Запросить из поликлиники, где Марченкова состоит на учете, историю ее болезни. Это ходатайство очень важное. Когда ознакомимся с документами, можно будет решать вопрос и о судебно-медицинской экспертизе. Только судебно-медицинские эксперты могут твердо ответить, имела ли Марченкова возможность слышать из своей комнаты то, что говорили на улице.

Прокурор оставляет это ходатайство на усмотрение суда.

Опять кивки в обе стороны. Определение: «Ходатайство оставить открытым. Решить вопрос о необходимости запроса перечисленных в нем документов после допросов всех вызванных свидетелей».

Такой ответ адвокаты часто слышат в суде. И в подавляющем большинстве случаев это – завуалированная форма отказа. В нашем деле уже были такие определения. Оставлены открытыми до последующего в конце судебного следствия рассмотрения ходатайства о вызове и допросе солдат, о допросе в суде того самого Назарова, который признавал себя виновным в изнасиловании и убийстве Марины. Чем больше проходит времени, тем меньше у нас шансов, что их удовлетворят.

Более того, некоторые из удовлетворенных судом ходатайств остались нереализованными. Не получены до сих пор справки из камер предварительного заключения Звенигорода и Голицына.

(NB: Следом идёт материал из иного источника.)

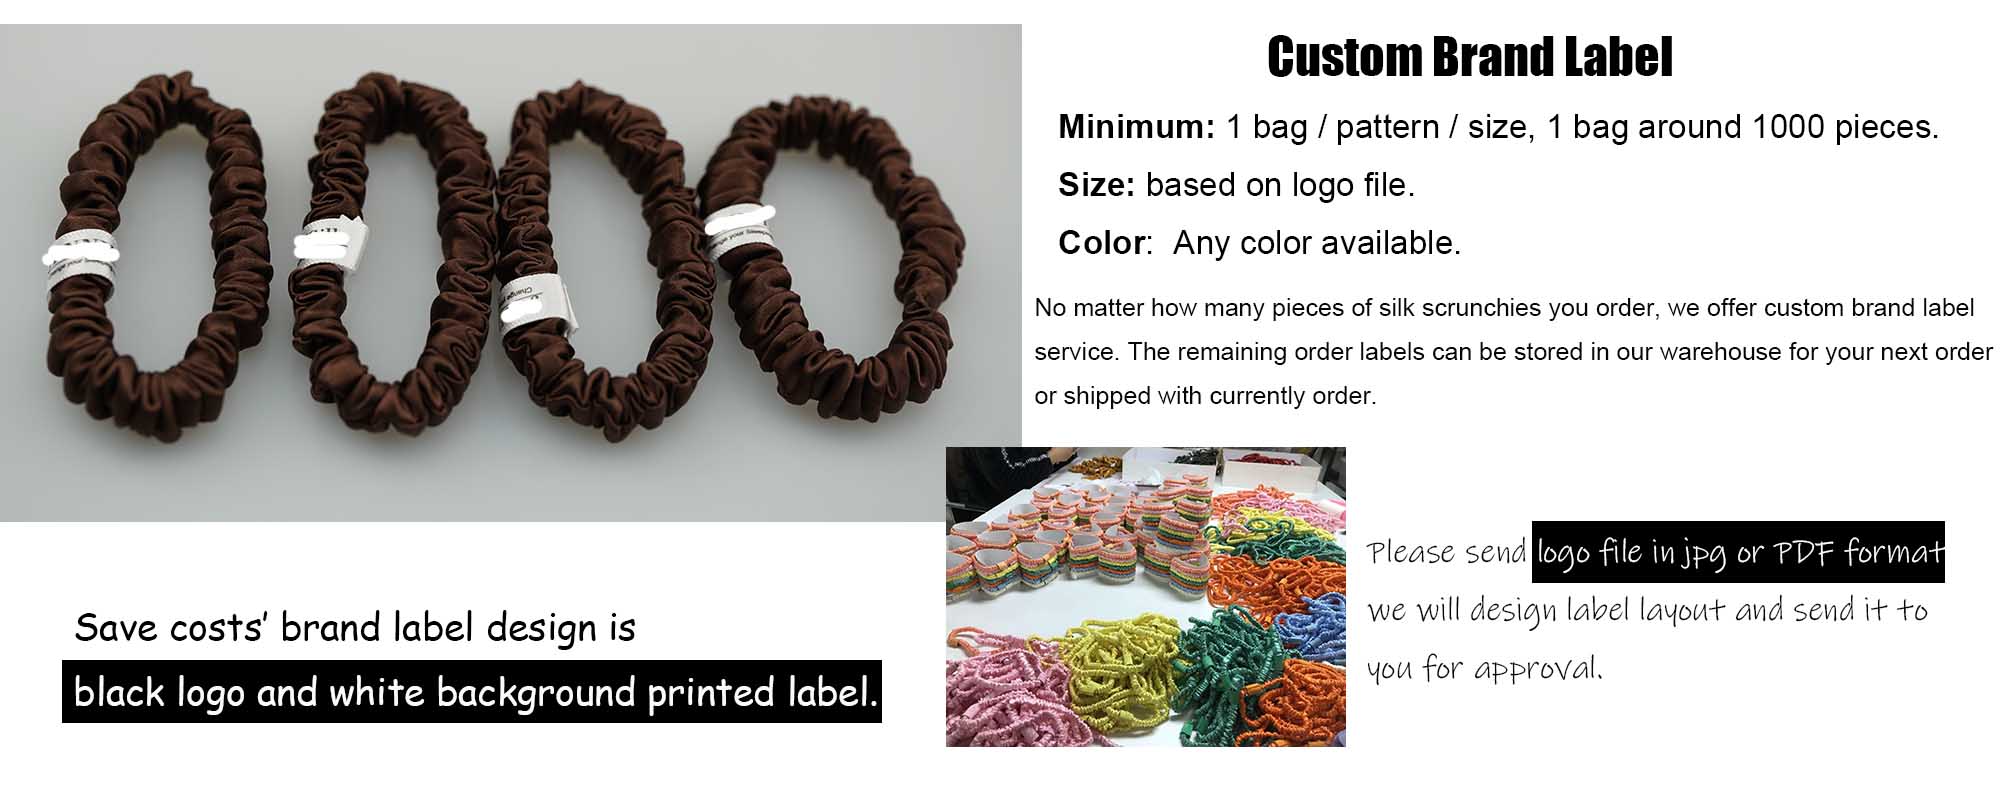 custom brand label on silk scrunchies

Зато справка о погоде уже в суде. Дождь действительно был. И не только накануне – 16 июня, а в течение трех предшествующих дней. И допрошенные свидетели – сестры Акатовы и их мать – утверждали, что и одежда и обувь мальчиков были сухими и чистыми.

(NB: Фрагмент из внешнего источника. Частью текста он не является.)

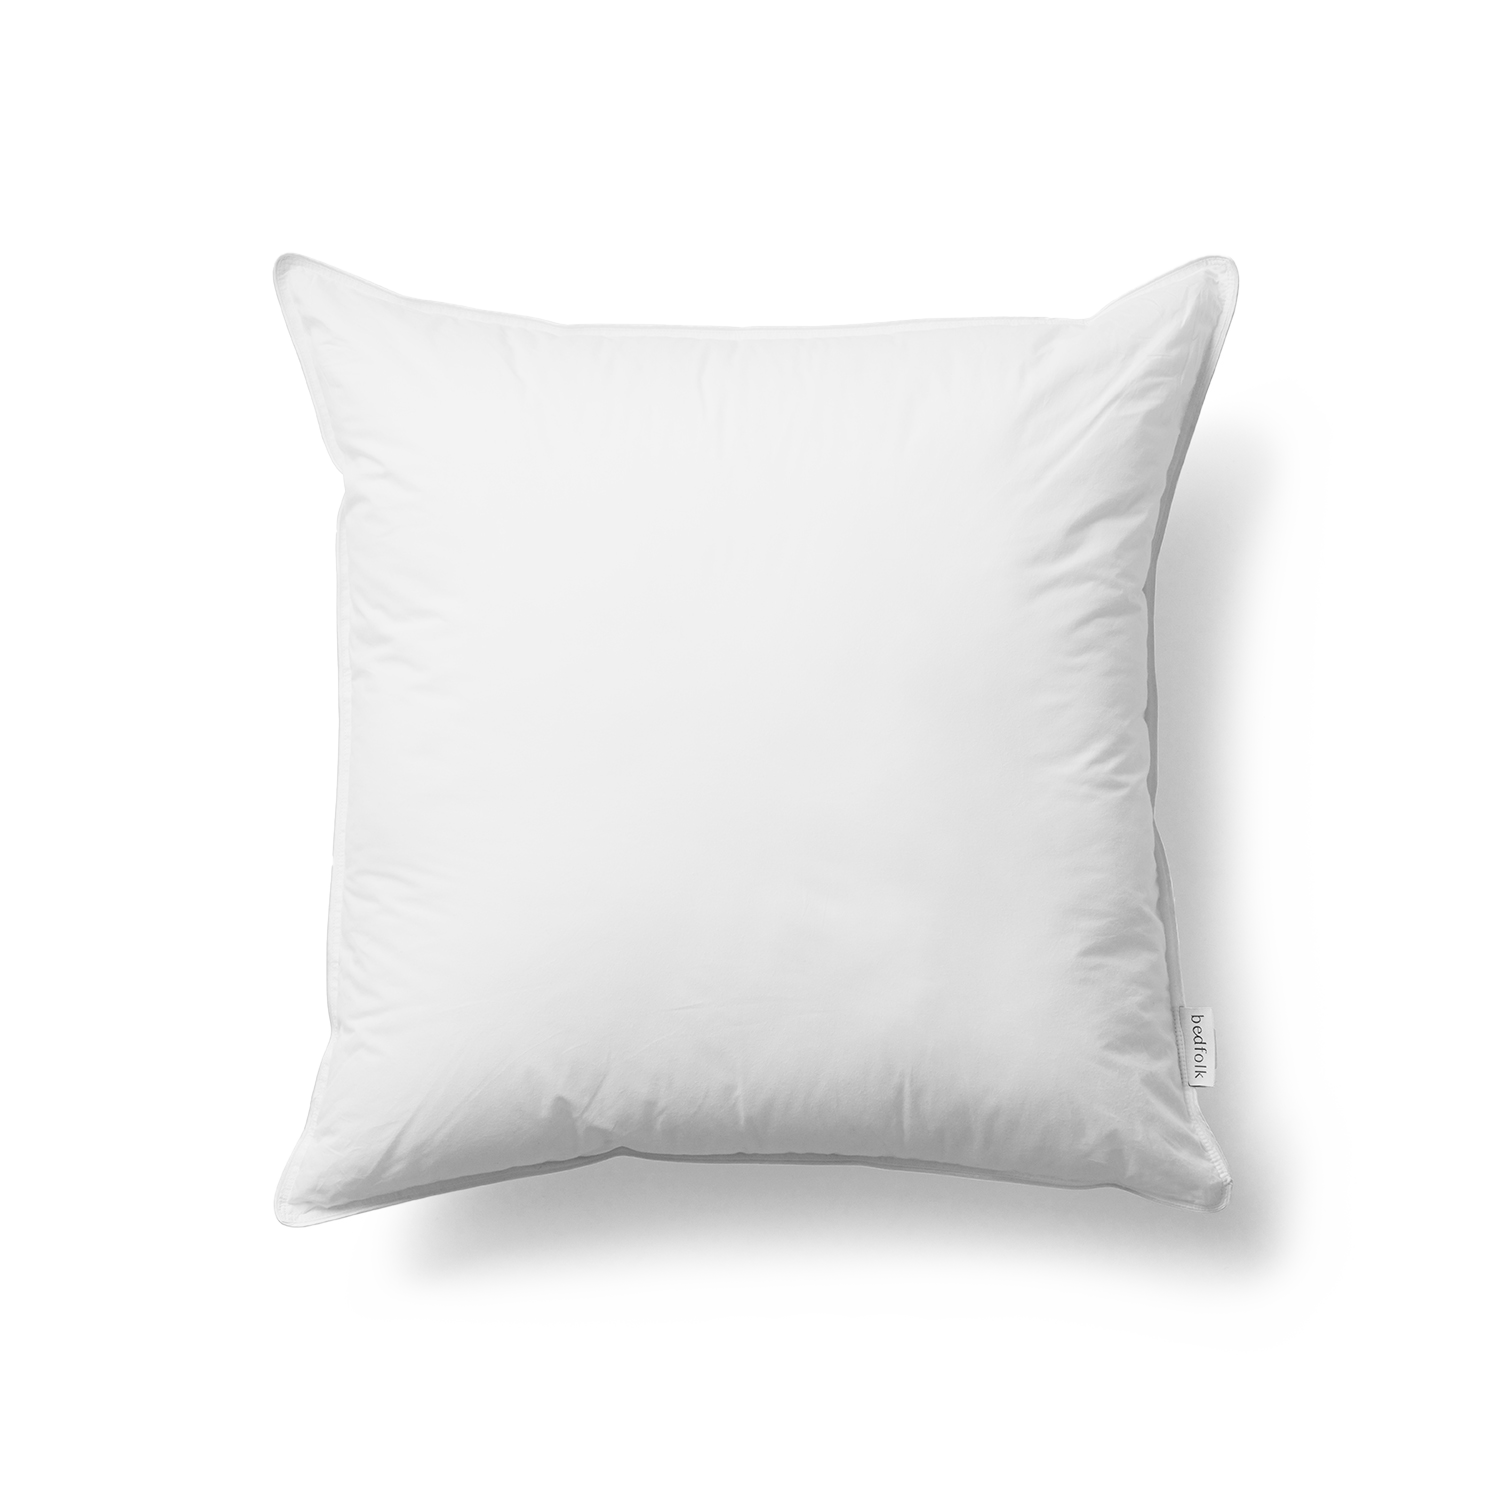 The Down Alternative Pillow

Допрос понятых, вызванных по ходатайству защиты, назначили на 25 и 26 марта.

Первым понятым был рабочий небольшого завода из близлежащего поселка Баковка. Алика он никогда не видел и при его выезде на место не присутствовал. Сашу впервые увидел в тот день 10 сентября 1966 года, когда в качестве понятого был приглашен следователем Юсовым выехать совместно с Сашей Кабановым в деревню Измалково.

Сомневаться в добросовестности и объективности свидетеля ни у суда, ни у защиты оснований нет. Он вызван по моему ходатайству, и потому суд, не задавая ему никаких вопросов, предоставляет право первого допроса мне.

Я проверяю, были ли разъяснены понятому его права и обязанности при выполнении этого следственного действия.

– Да. Следователь Юсов разъяснил, что я должен быть все время рядом с Сашей. Внимательно следить, как он показывает дорогу. Хорошо запомнить весь путь, по которому мы будем идти, и, главное, место, на которое Кабанов покажет как на место совершения изнасилования, и места, с которого сброшен был труп в воду.

– Можете ли вы сейчас воспроизвести этот путь и показать по схеме те места, на которые указывал Кабанов?

– Да, конечно. Я все это помню прекрасно.

Первую часть показания свидетеля слушаю спокойно. Волейбольная площадка. Колонка, у которой мыли руки. Главная улица, дом Акатовых, санаторский дом.

Постепенно чувствую, как не просто волнение – страх – охватывает меня. От того, что сейчас скажет свидетель, может зависеть вся дальнейшая судьба Саши и Алика. Ведь совпадение их показаний о месте преступления – одно из основных доказательств виновности. Я верю тому, что мне рассказал Саша. У меня нет причин сомневаться, что свидетель скажет правду, но все равно волнуюсь с такой силой, как будто это решается моя собственная судьба.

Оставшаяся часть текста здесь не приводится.